- Theatrical release poster
- Directed by: Steven C. Miller
- Written by: Adrian Speckert; Cory Todd Hughes;
- Produced by: Lucas Jarach
- Starring: Dylan Sprouse; Mason Gooding; Odette Annable; Emilio Rivera; Declan Michael Laird;
- Cinematography: Jonathan Hall
- Edited by: Steven C. Miller; Vanessa Miller;
- Music by: Kevin Riepl
- Production company: Voltage Pictures
- Distributed by: Vertical
- Release date: August 15, 2025;
- Running time: 91 minutes
- Country: United States
- Language: English

= Under Fire (2025 film) =

2025 American action comedy film

Under Fire is a 2025 American action comedy film directed by Steven C. Miller, written by Adrian Speckert and Cory Todd Hughes, and produced by Voltage Pictures. The film stars Dylan Sprouse and Mason Gooding as a DEA agent and a FBI agent, respectively, who unwittingly discover they are working the same drug-cartel investigation, only to be pinned down together behind enemy lines by a sniper. This is the second time Sprouse and Gooding have acted together in an action film, having been previously starred in Aftermath (2024).

==Premise==
Two undercover agents—an FBI agent (Sprouse) and a DEA agent (Gooding)—separately infiltrate a Mexican drug cartel. When they mutually reveal their identities at a remote border meet-up, they become trapped in a sniper-led ambush.
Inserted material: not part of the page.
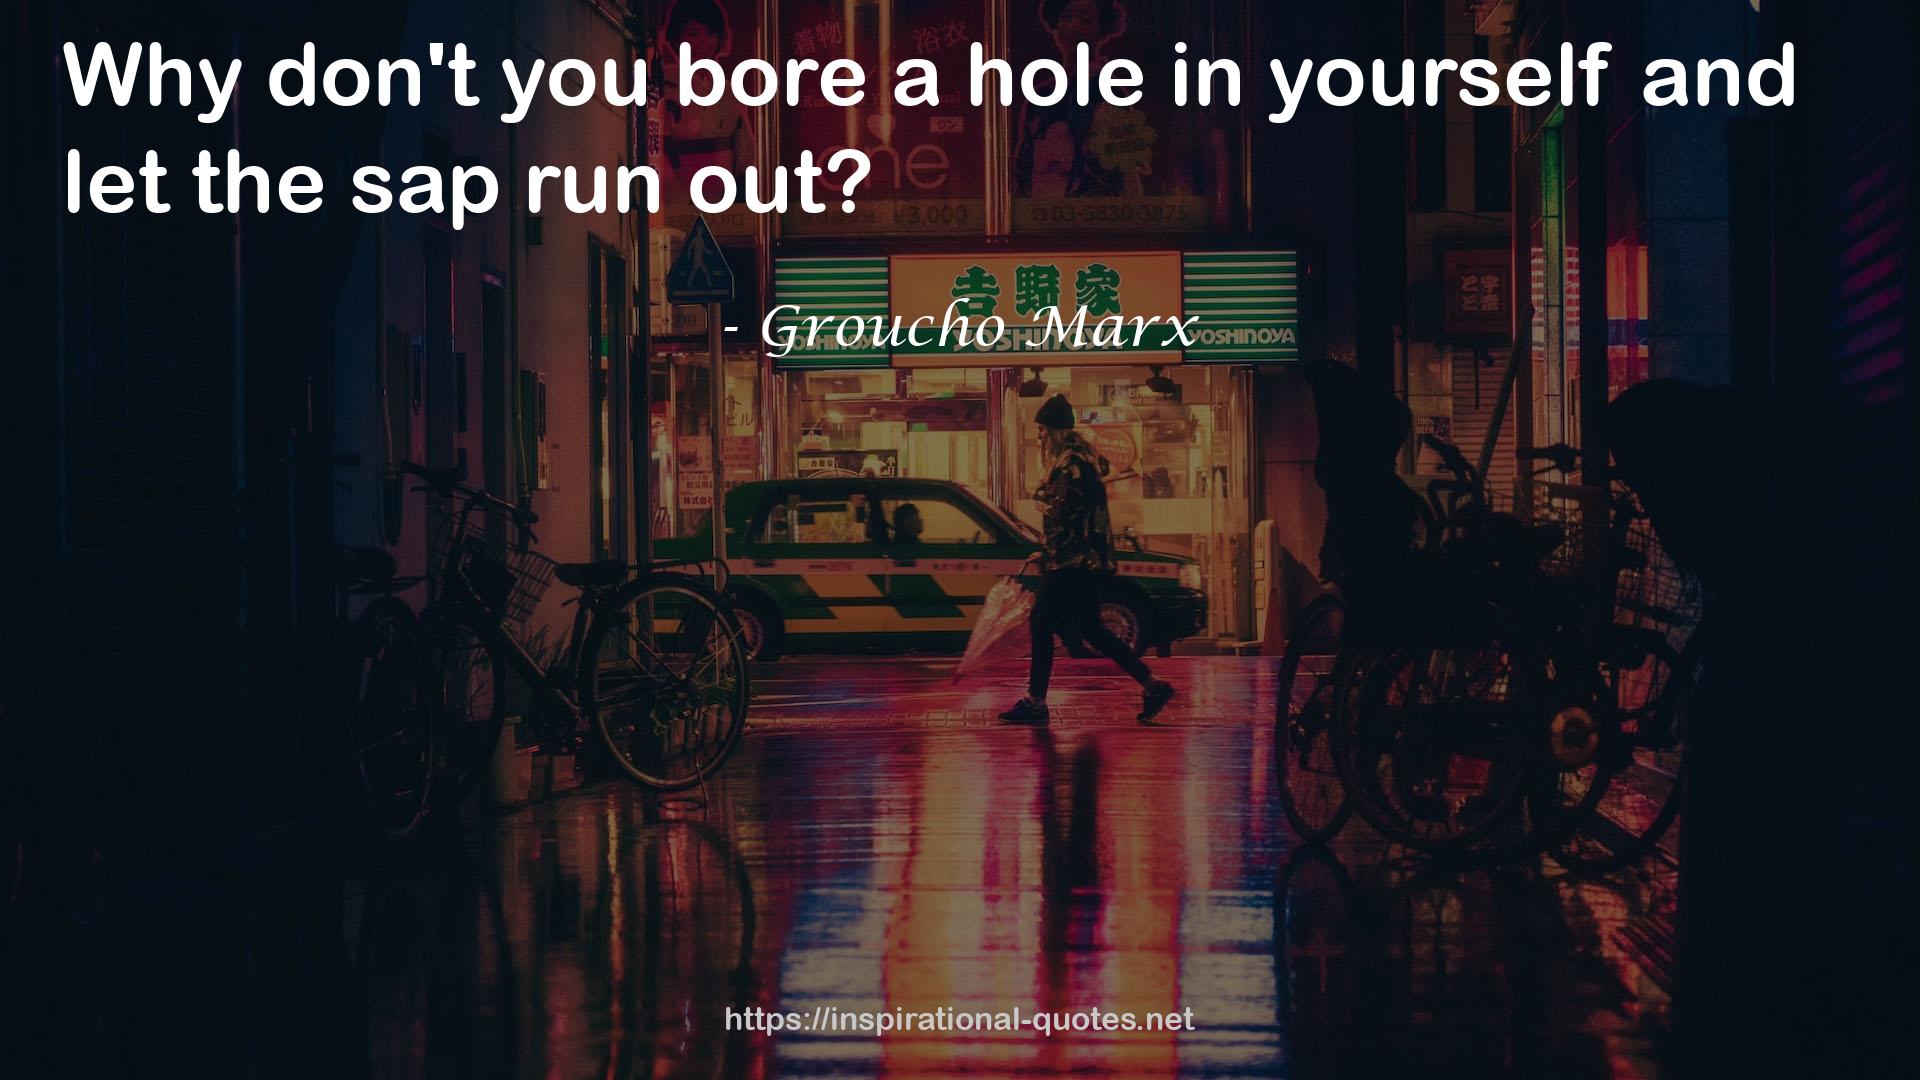 Groucho Marx QUOTES

Realizing they’ve been working parallel sides, they must overcome their distrust to survive.

==Cast==
- Dylan Sprouse as FBI Agent Griff
- Mason Gooding as DEA Agent Abbott
- Odette Annable as Agent Vasquez
- Emilio Rivera as Valentino
- Declan Michael Laird as Spotter
- Bayardo De Murguia as Delgado

==Production==
Voltage Pictures acquired worldwide rights ahead of the American Film Market in October 2024. Principal photography took place in California under director Steven C. Miller, known for previous action films including Line of Duty and Werewolves.

==Release==
Under Fire was released in the United States on August 15, 2025, both in limited theaters and via video on demand platforms.